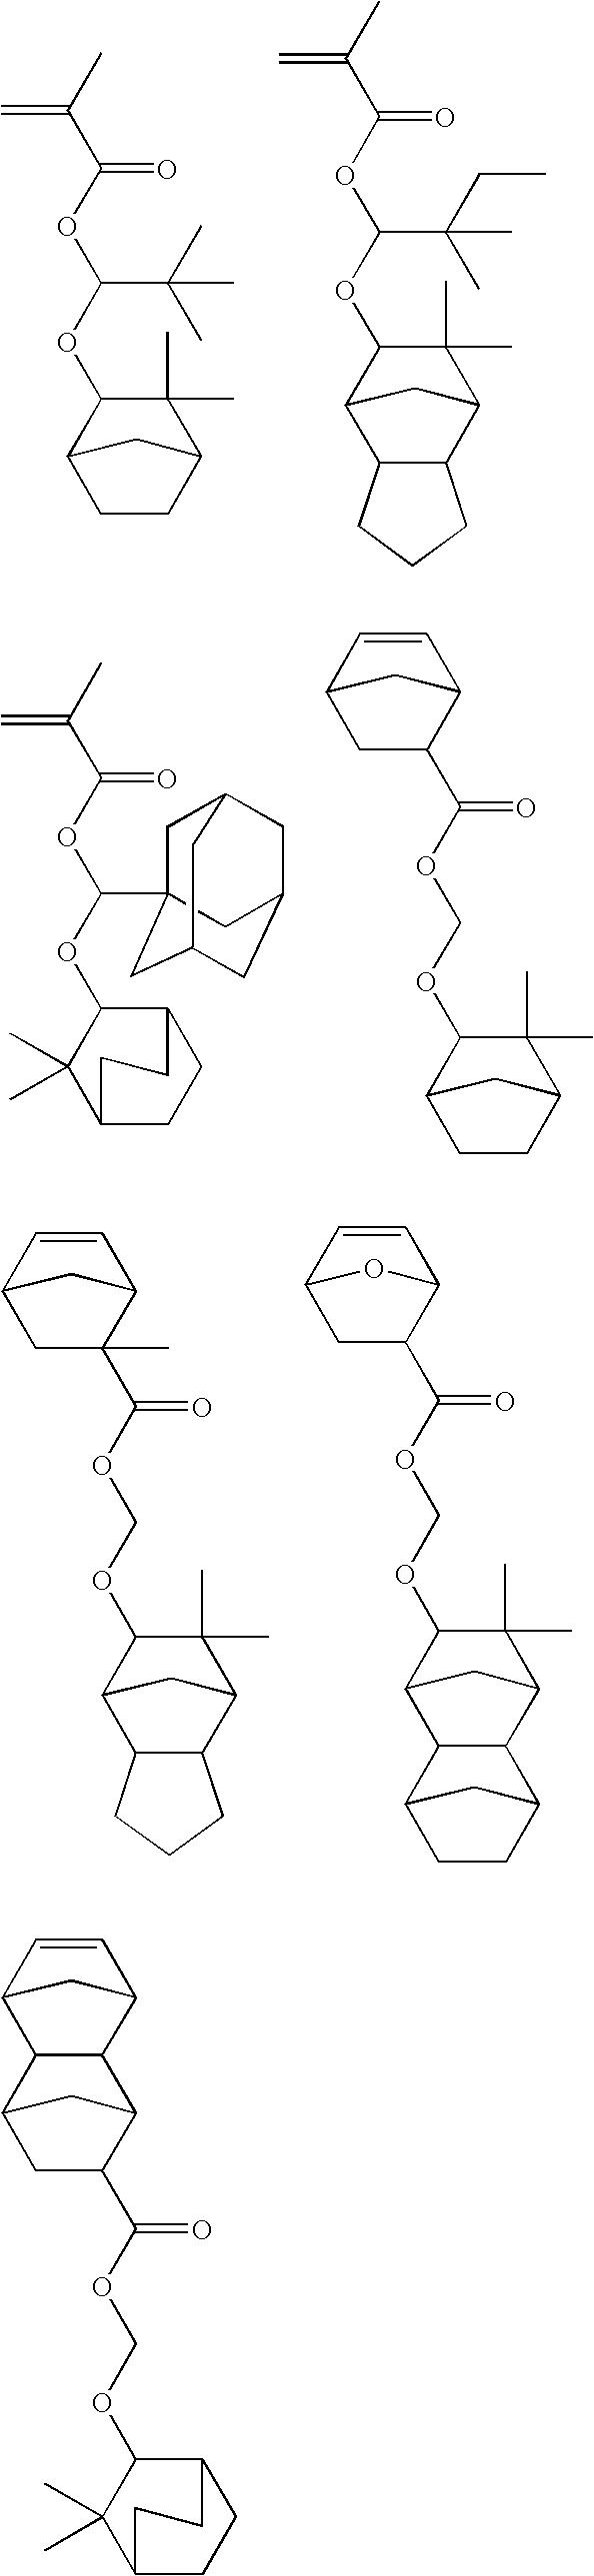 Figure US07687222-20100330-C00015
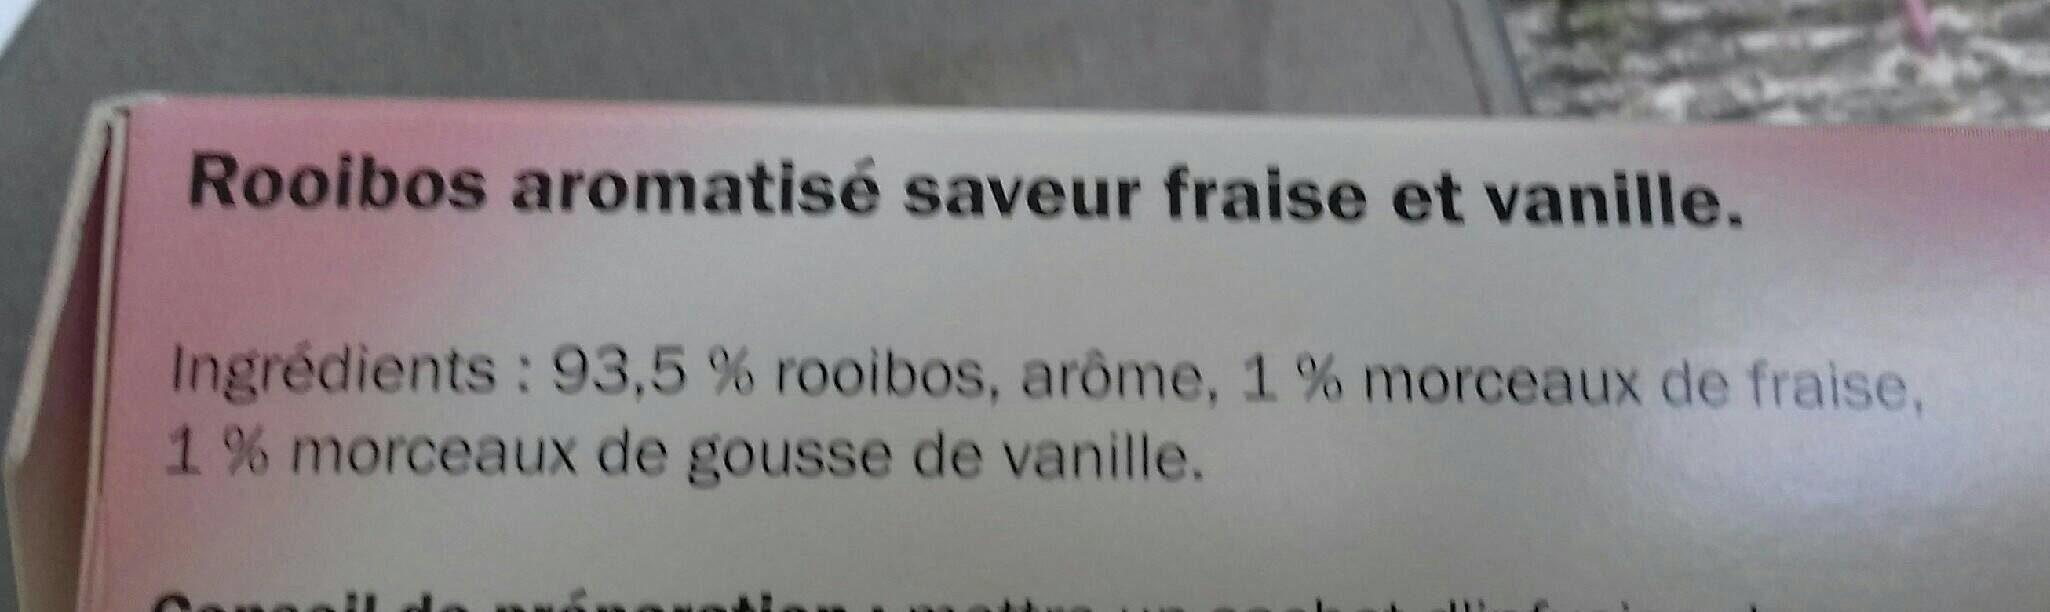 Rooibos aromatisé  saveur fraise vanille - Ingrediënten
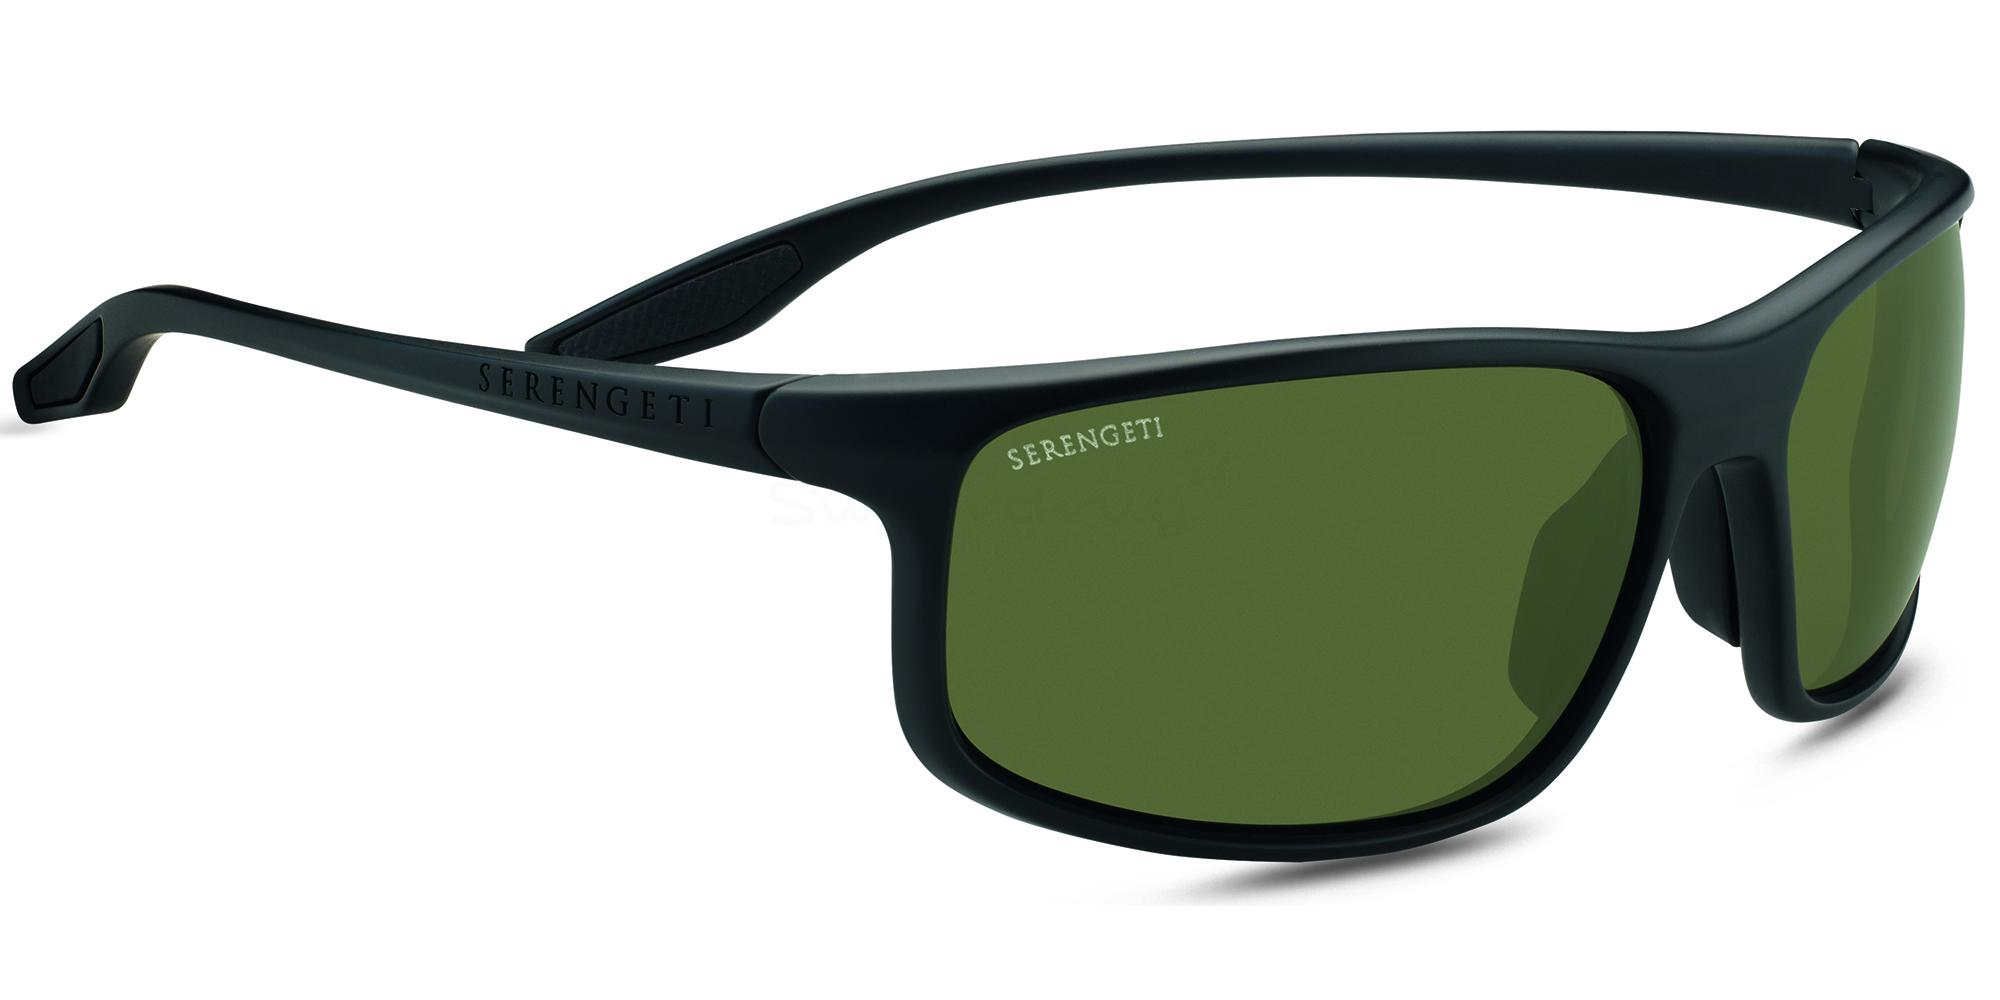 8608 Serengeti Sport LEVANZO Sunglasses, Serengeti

> [Work item] Return the listing above verbatim and exclude every picture.

> [Reply]
 Figure US07687222-20100330-C00015
 Rooibos aromatisé  saveur fraise vanille - Ingrediënten
 8608 Serengeti Sport LEVANZO Sunglasses, Serengeti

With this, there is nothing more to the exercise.